The vehemence of this backlash hasn’t surprised reform advocates, but the degree to which their nominal allies in elected office have appeared to cave to it has. Attorney General Tish James, a former public defender, has called for the laws to be reviewed, and de Blasio reportedly demanded changes from Assembly Speaker Carl Heastie. Senate Majority Leader Andrea Stewart-Cousins has floated a plan acceding to the anti-reform coalitions' demand that judges have expanded power to lock people up before their trial.

“I’ve had private conversations with folks in Albany, and they clearly understand that this is an appropriate next step,” said O’Donnell, the Assemblymember sponsoring the 50-A repeal bill. “I'm confident in the Assembly we can get the votes to pass this. I can't speak for the Senate.”

NYS Senator Patrick Gallivan discusses solitary confinement with NYS Senator Gustavo Rivera (back) during a Committee meeting in Albany.

Courtesy of NY Senate Media Services

For his part, Senator Bailey insists he’s committed to seeing the law passed this year. “I don’t do stuff just to do it,” he said. “I’m looking for a real legislative resolution. We’re going to have to have all hands on deck to get it done.”

At the Albany hearing for 50-A reform, Republican State Senator Patrick Gallivan, a former sheriff and state trooper, offered a preview of an argument Senate Republicans may use against the bill when it comes up for debate.

“How do we trust the press?” he asked, wondering what sort of accountability exists for bad reporters who might have an anti-police bias. “How do we know sources are telling the truth?” Gallivan stressed his intention wasn’t to impugn the press, though he allowed he finds much national news coverage to be badly biased.

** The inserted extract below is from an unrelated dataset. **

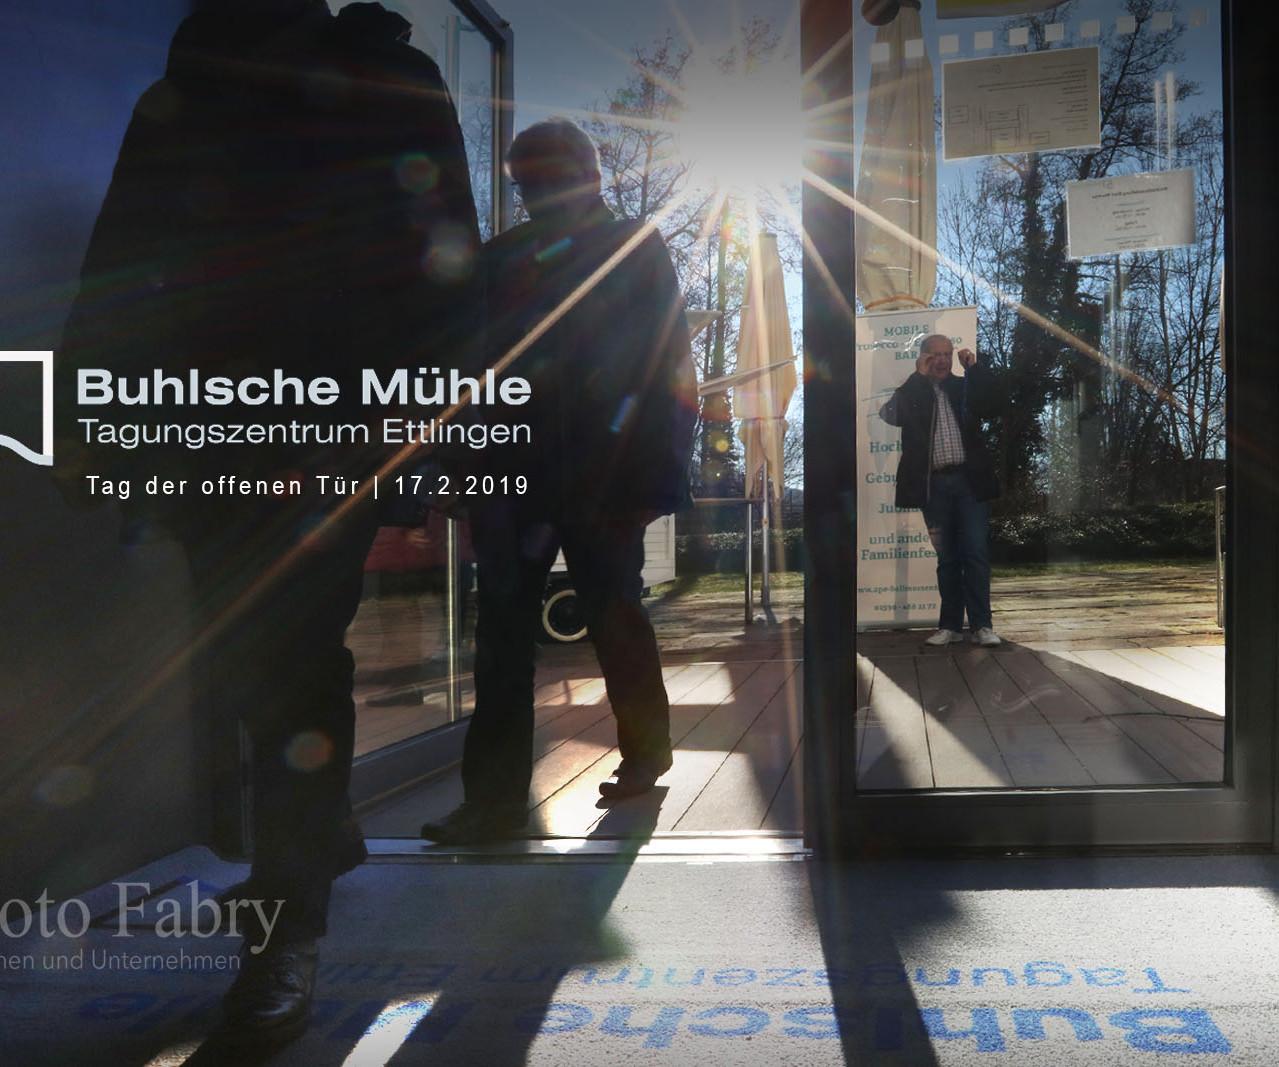 20190217_BuhlscheMühle_FB4

His point, he said, was that “We still are left to trust you as an industry.”

Similarly, he suggested, perhaps the public just needs to have faith in law enforcement’s ability to police itself. “At a certain point in time,” he said, “we have to trust people.”

Kennedy, the publisher association president, countered that people trust the press because reporters offer supporting documentation. As for whether the system is adequately policing itself, “We need to see those documents so we can verify that.”